I'm still amazed at the amount of time that a narcissist will spend writing very long texts, emails and even letters, had a good few of those over the years. It got to the stage where I didn't even bother to read them. Not least as they are mostly fabricated rubbish.
You’re so right! My ex would lie about everything when we were together. He spent no time with me besides being around to argue and hit me until I was disabled. Then he’d hang with all of his women and friends that he had for a price. Once broken up he had all this time for me to stalk for hours a day and letters, texts etc of finally telling the truth. I paid him no mind. He’s finally out of my life a few moves later,
My ex was always wordy, but outdid himself with a seriously long document after we divorced. I jokingly called it The Manifesto, after the Unabomber's epic tome.
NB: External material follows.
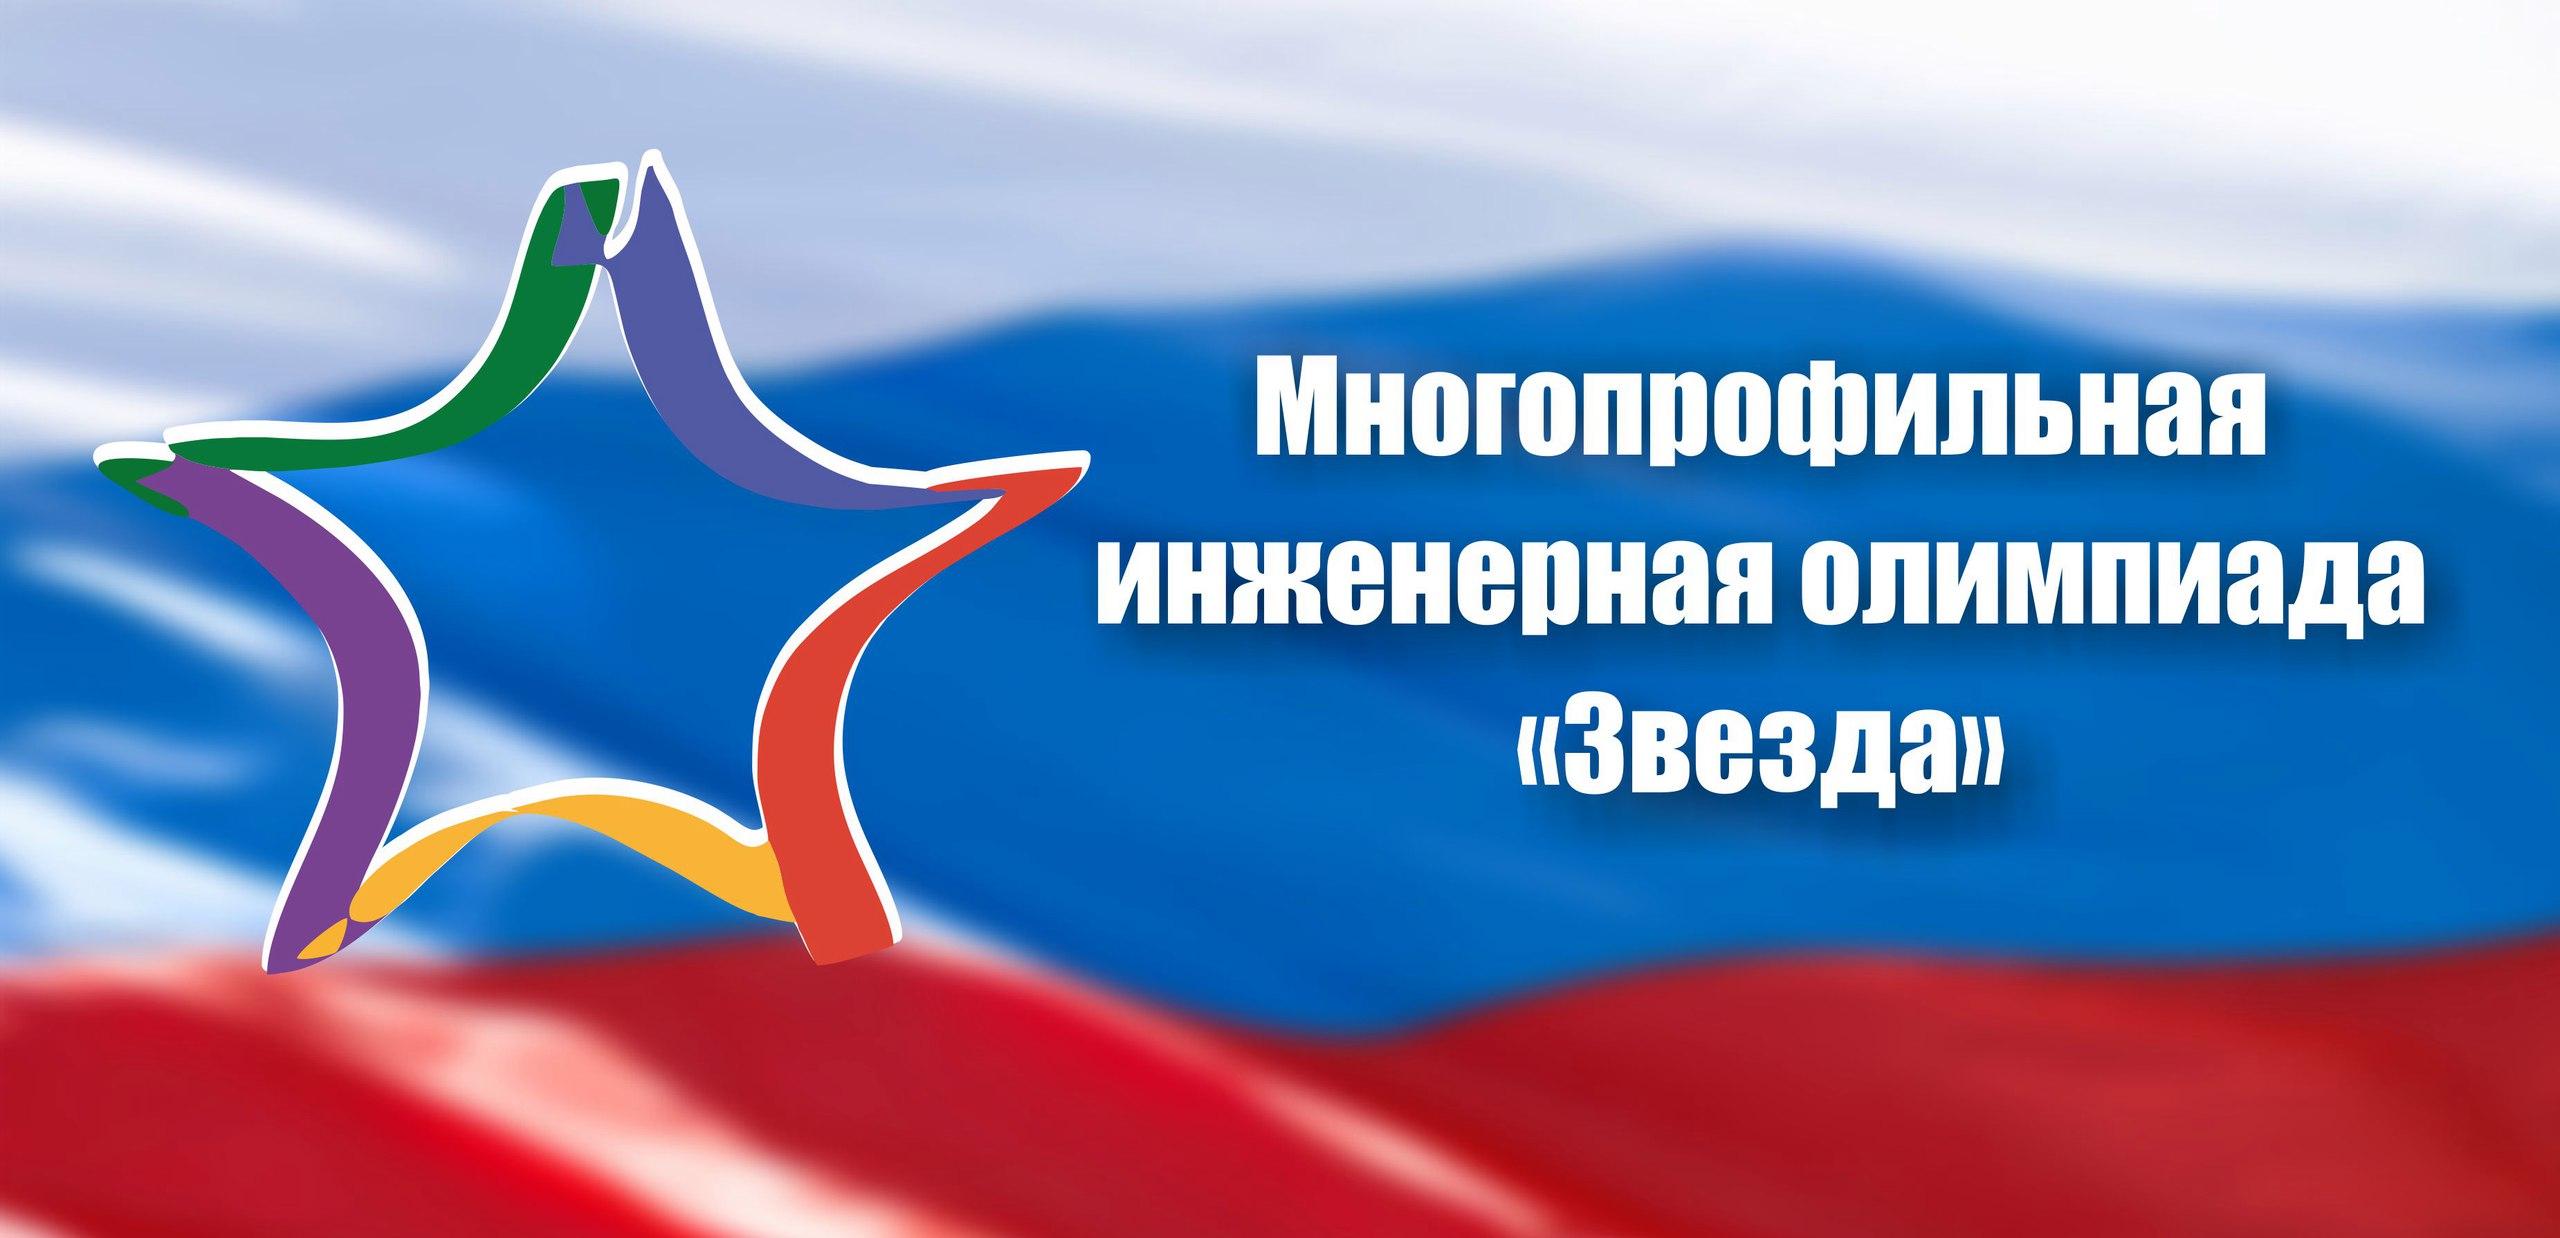 Старшеклассникам Тверской области предлагают стать участниками всероссийской инженерной олимпиады

This eggshell walking is a type of hell. And what is worse, the narc knows very well what they are doing and just watch you with an evil smirk while you trip all over yourself (I'm thinking about a relative who I can't quite avoid just yet). It is sickening. But I'm done. DONE.
Amen!!! I think the only problem in the world is the "toxic people"..... even diseases and other tragedies would be fine, even tolerable,, we would enjoy support, community, and joy, and we wouldn't worry about nuclear war, crime, injustice, basically everything that sucks in the world.... I'm sure there is an evolutionary need for "cluster B", but are we evolving away from that?... Thank you Thank you!!!👍❤❤❤
It always seems darkest just before the dawn.
Thank you, but isn't that a gaslight? I'm sure you meant well but I have thought a lot about that phase, my ex-narc would always say that to me, like maybe a future fake?, then keep abusing me... , but thank you, I'm sure you meant it well!!! 👍@@scott3357
Being with a narc for 15 years,i nvr enjoyed a holiday,valentines day,birthdays....nothing
💯Totally exhausting walking on eggshells! Fantastic video!
If I had a dollar for every hour of sleep I've lost because I woke up and thought of her gaslighting, ranting, lies, etc, I'd buy myself another Harley!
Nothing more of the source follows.